Video showed masked officers approaching Good’s car, which was stopped at an unusual angle on a Minneapolis street. The car then backs up and pulls away, briefly driving in the direction of the officer who opened fire ⁠at close range.
The video did not appear to show contact or any sign that the officer was wounded, though Noem said he was treated at a hospital and released, while Trump said ‌on social media the woman “ran over the ICE Officer.”
Trump administration officials called the incident part ‍of a pattern of anti-Trump demonstrators endangering ICE officers, but critics say they ‍saw a woman attempting to evade masked and armed men and the vehicle’s front wheels turned away from the shooter.
While Trump and Noem ‍drew immediate conclusions that the officer was the subject of an intentional attack, border czar Tom Homan was more cautious.
“It would be unprofessional to comment on what I think happened in that situation. Let the investigation play out and hold people accountable based on the investigation,” Homan told CBS News.

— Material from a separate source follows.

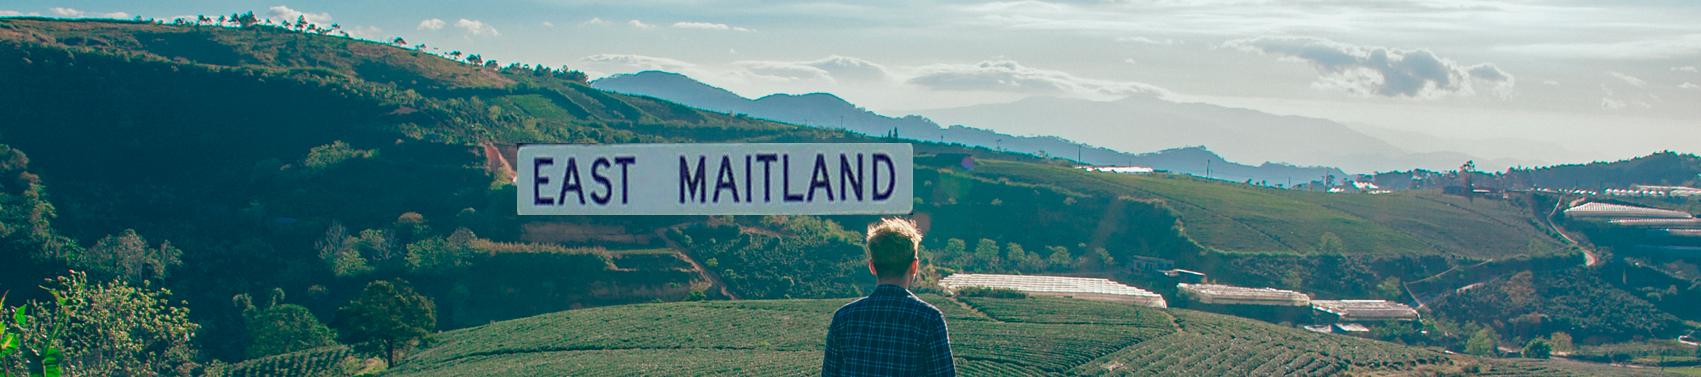 East Maitland

The FBI and Minnesota state officials are investigating. The ICE officer would be protected from being charged by local prosecutors if he was acting within the scope of his official federal duties, and any ​legal case would likely come down to whether he reasonably feared for his life, said Caren Morrison, a law professor at Georgia State College of Law. She said cases involving vehicles tended to favor officers because a car could be considered ⁠a deadly weapon.
Minnesota law allows the use of deadly force by an officer only if an objectively reasonable officer would believe that doing so was necessary to protect the officer or others from immediate death or serious harm. Federal law has a similar standard.
Minnesota civil rights attorney Paul Applebaum said it was unclear who, if anyone, would prosecute the officer. “The possibility of the officer being prosecuted by Pam Bondi are slim to none,” Applebaum said of the US attorney general, a Trump loyalist. He said if state officials tried to charge the officer it would set up a constitutional conflict between state and federal government.
Federal agents are generally immune from state prosecution for actions taken as part of their official duties.
Courts have increasingly narrowed the ability to sue federal officers for damages for civil rights violations to the point it was “almost an empty exercise,” Applebaum said.

’LOVING, FORGIVING AND AFFECTIONATE’
The Minneapolis City Council identified the dead woman as Good and said she was “out caring for her neighbors this morning and her life was taken today at the hands of the federal government.”
She was the mother of a 6-year-old boy, the Minnesota Star Tribune reported, citing the boy’s grandfather.
Good’s mother told the Minnesota Star Tribune that her daughter was “extremely compassionate,” and she ‌said Good was not the type of person to confront ICE agents. “She’s taken care of people all her life,” her mother, Donna Ganger, told the Star Tribune. “She was loving, forgiving and affectionate.”